The provisional toll jumped to
247 from the 159 dead listed on Wednesday night, national and regional
officials said as a wave of aftershocks rattled a cluster of mountain
communities 140 km (85 miles) east of Rome.
The
strong 6.2 magnitude quake struck early on Wednesday as people slept,
razing homes and buckling roads. It was powerful enough to be felt in Bologna to the north and Naples to the south, both more than 220 km (135 miles) from the epicentre.
The
sun rose on Thursday on many people who had slept in cars or tents, the
earth continuing to tremble under their feet. Two powerful aftershocks
registered 5.1 and 5.4.
Officials said the death
toll seemed destined to rise further. The toll appeared likely to
surpass that from the last major quake to strike Italy, a temblor that
killed more than 300 people in the central city of L'Aquila in 2009.
At least 368 injured people had been taken to hospital by late on Wednesday, Prime Minister Matteo Renzi said.
One
hotel that collapsed in the small town of Amatrice probably had about
70 guests and only seven bodies had been recovered so far, said the
mayor of the one of the worst-hit towns.
Rescuers
working with emergency lighting in the darkness saved a 10-year-old
girl, pulling her alive from the rubble where she had lain for some 17
hours in the hamlet of Pescara del Tronto.
Many
other children were not so lucky. A family of four, including two boys
aged 8 months and 9 years, were buried when their house imploded in the
nearby village of Accumoli.
As rescue workers
carried away the body of the infant, carefully covered by a small
blanket, the children's grandmother blamed God. "He took them all at once," she wailed.

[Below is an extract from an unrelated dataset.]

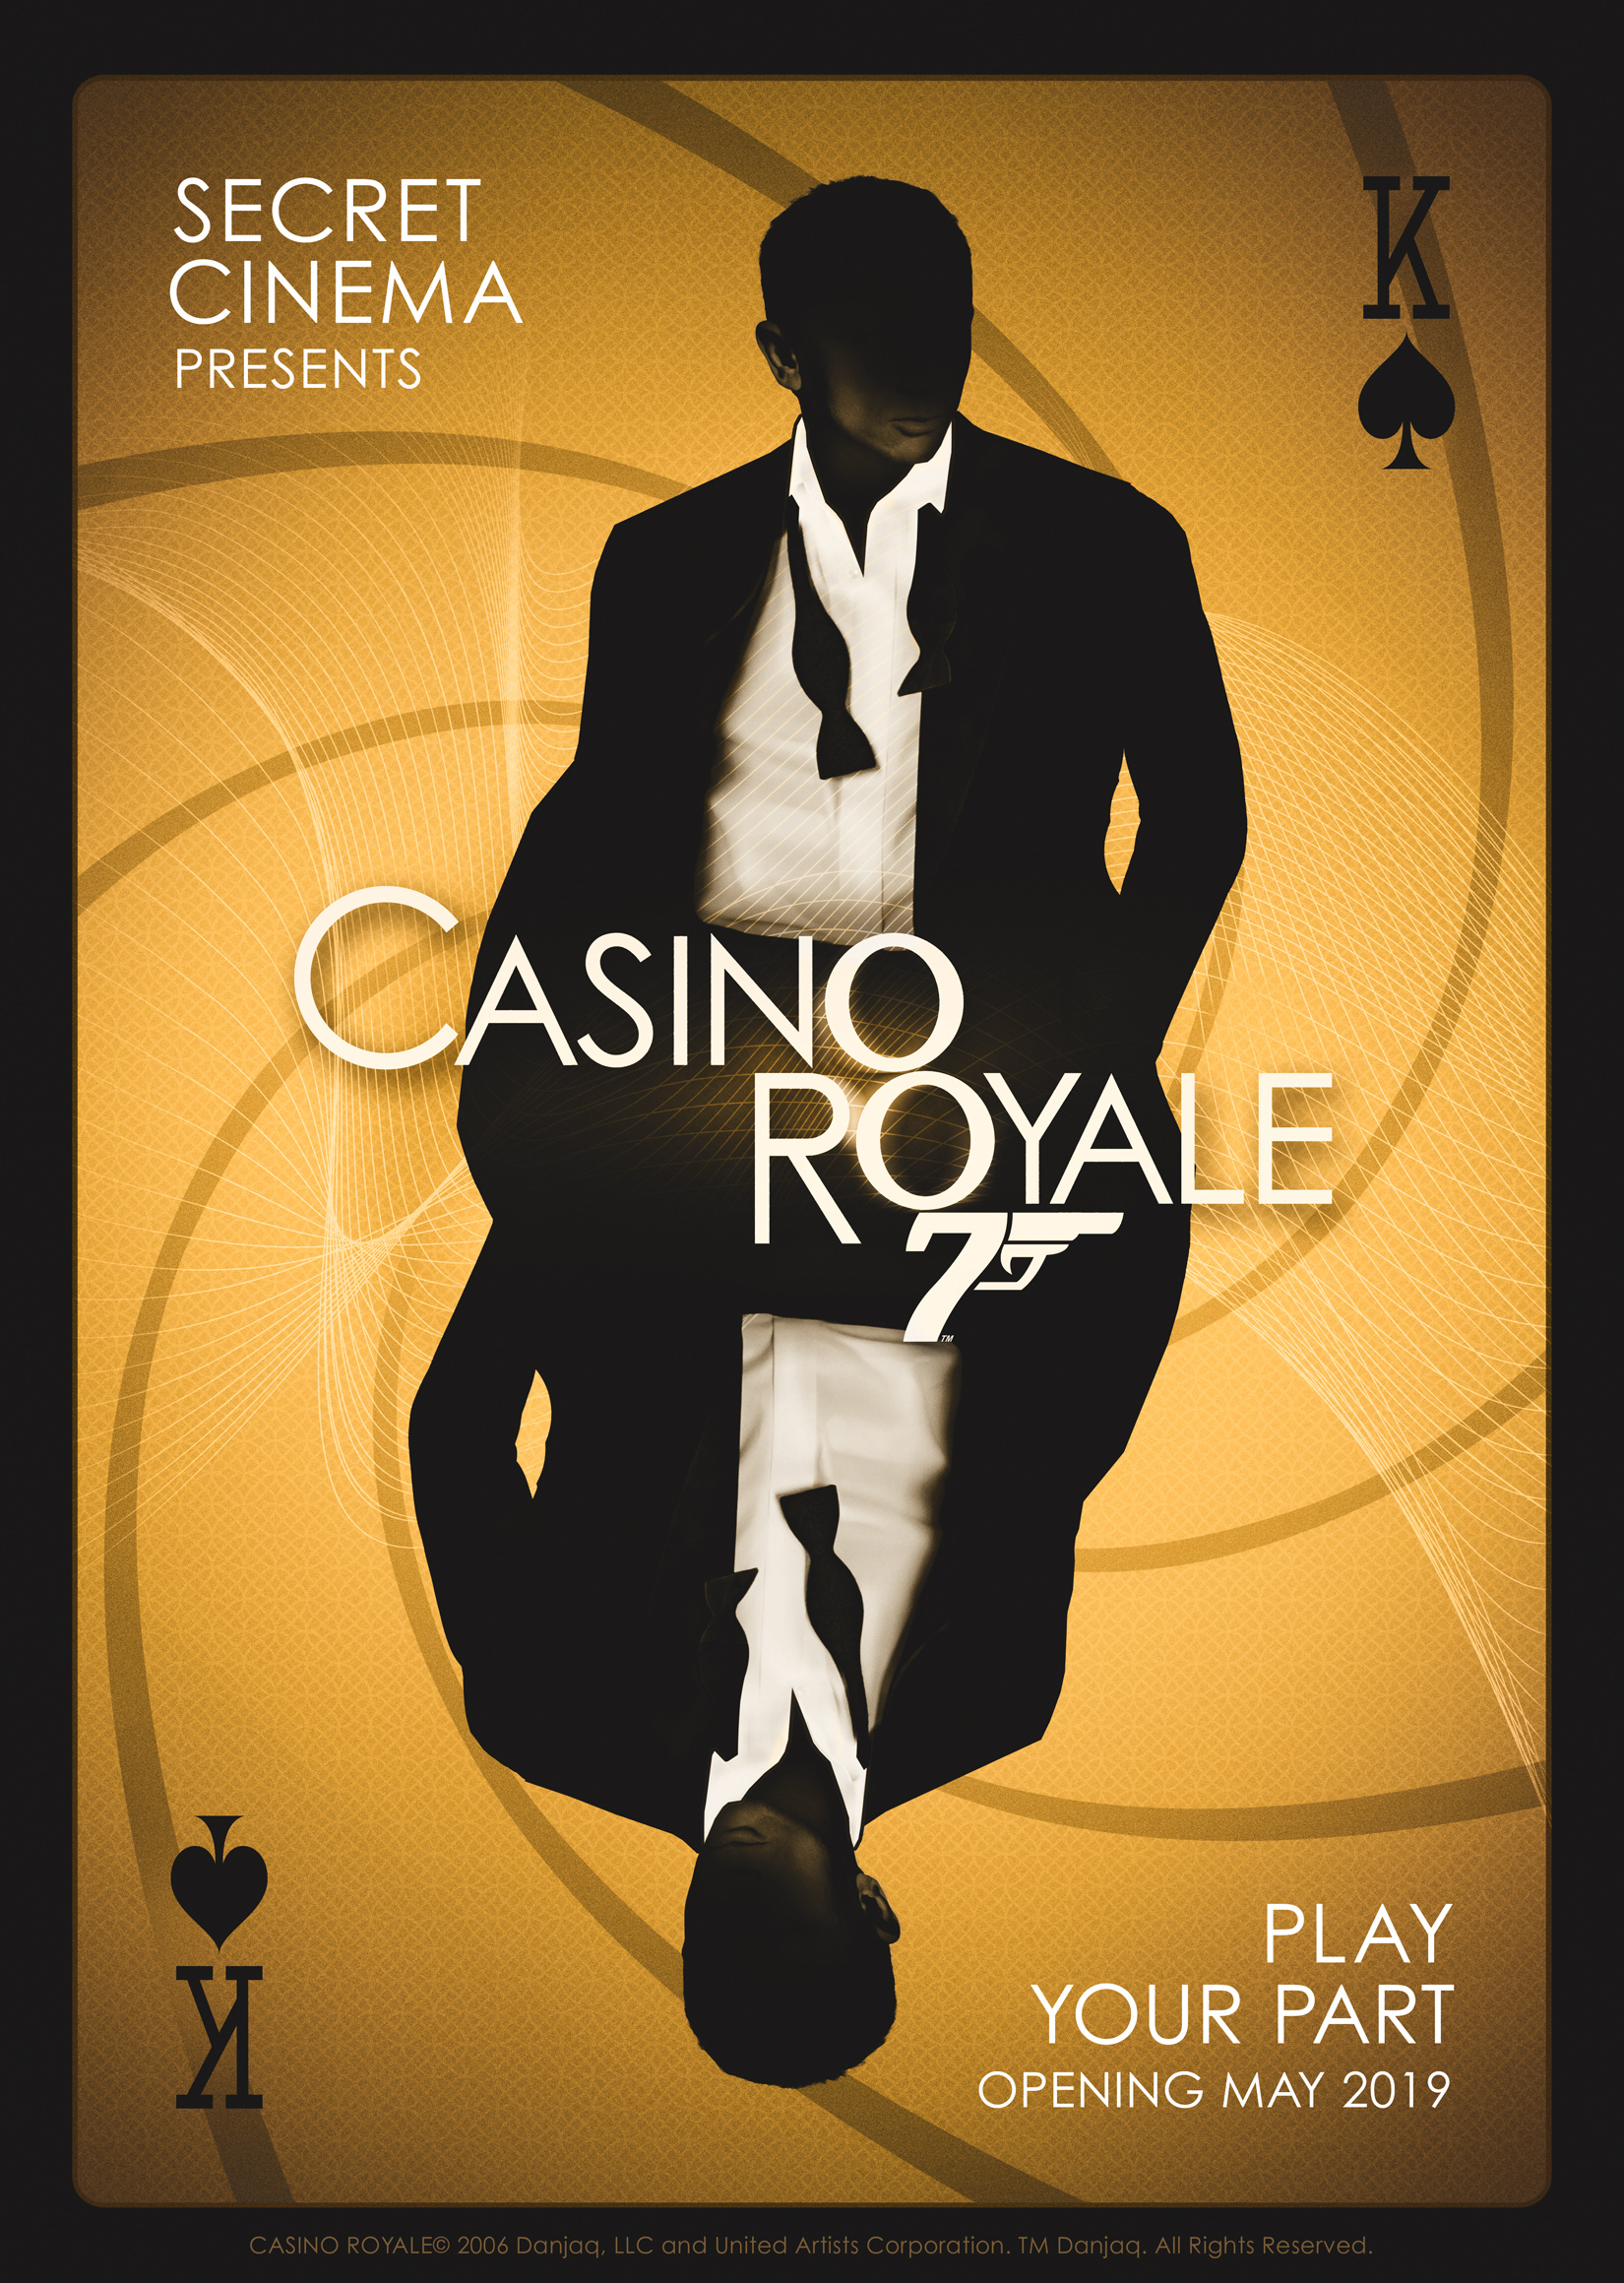 spectre movie poster casino royale movie poster

Renzi said the Cabinet would meet on Thursday to decide measures to help the affected communities.
"Today is a day for tears, tomorrow we can talk of reconstruction," he told reporters late on Wednesday.
MANY VICTIMS VISITORS
Aerial
photographs showed whole areas of Amatrice, last year voted one
of Italy's most beautiful historic towns, flattened by the quake.

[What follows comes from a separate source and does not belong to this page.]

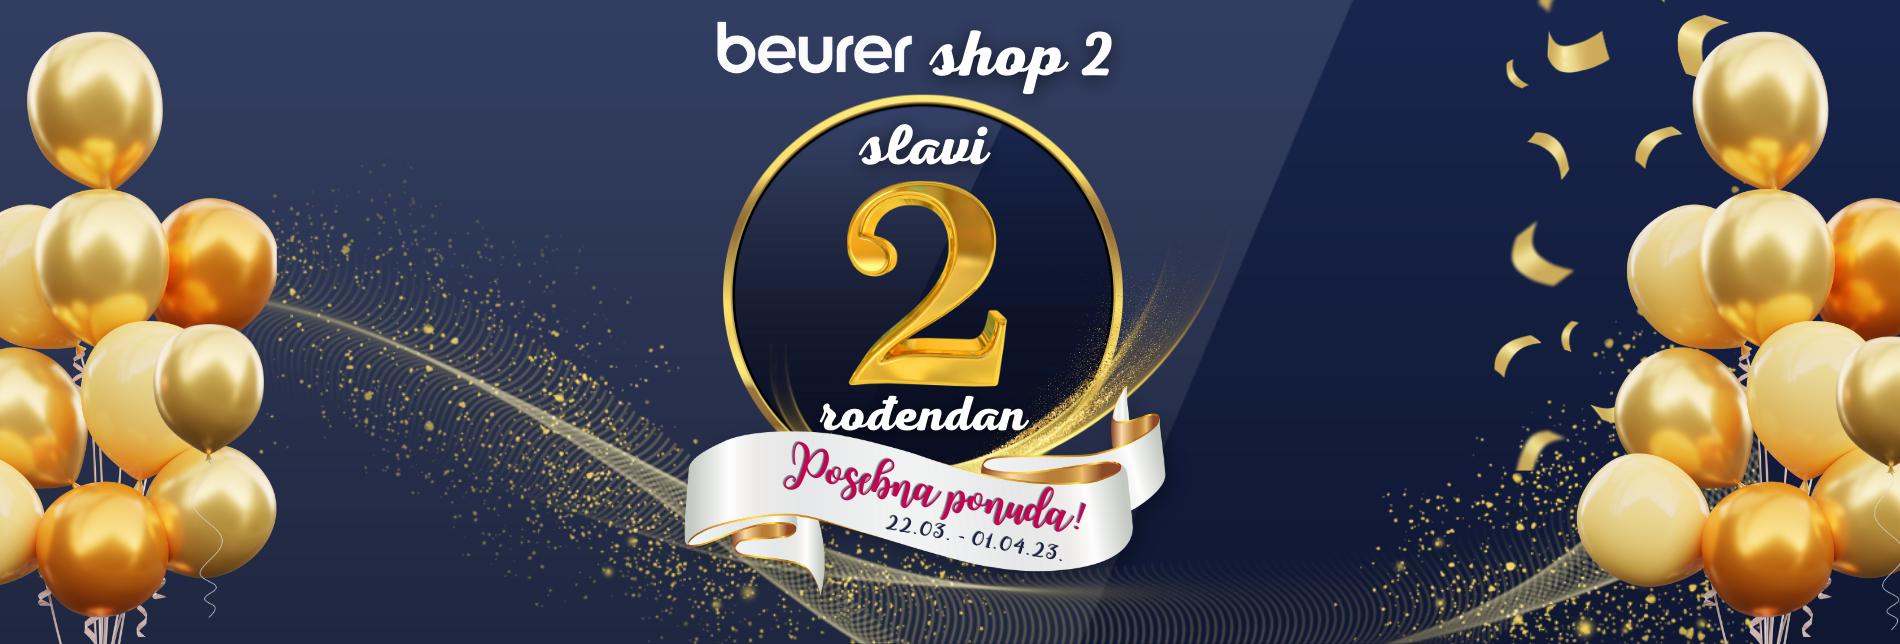 Beurer shop 2

Inhabitants of the four worst-hit small towns rise by as much as tenfold
in the summer, and many of those killed or missing were visitors.
The
civil protection agency said it was trying to determine how many people
were staying in the Hotel Roma, Amatrice's best-known accommodation
that mayor Sergio Pirozzi said had collapsed.
Most
of the damage was in the Lazio and Marche regions, with Lazio bearing
the brunt of the damage and the biggest toll. Neighbouring Umbria was
also affected. All three regions are dotted with centuries-old buildings
susceptible to earthquakes.
Italy's earthquake
institute, INGV, said the epicentre was near Accumoli and Amatrice,
which lie between the larger towns of Ascoli Piceno to the northeast and
Rieti to the southwest.
The quake was relatively
shallow at 4 km (2.5 miles) below the earth's surface. INGV reported 150
aftershocks in the 12 hours following the initial quake, the strongest
measuring 5.5.
Italy sits on two fault lines, making it one of the most seismically active countries in Europe.
The
most deadly temblor since the start of the 20th century came in 1908,
when an earthquake followed by a tsunami killed an estimated 80,000
people in the southern regions of Reggio Calabria and Sicily.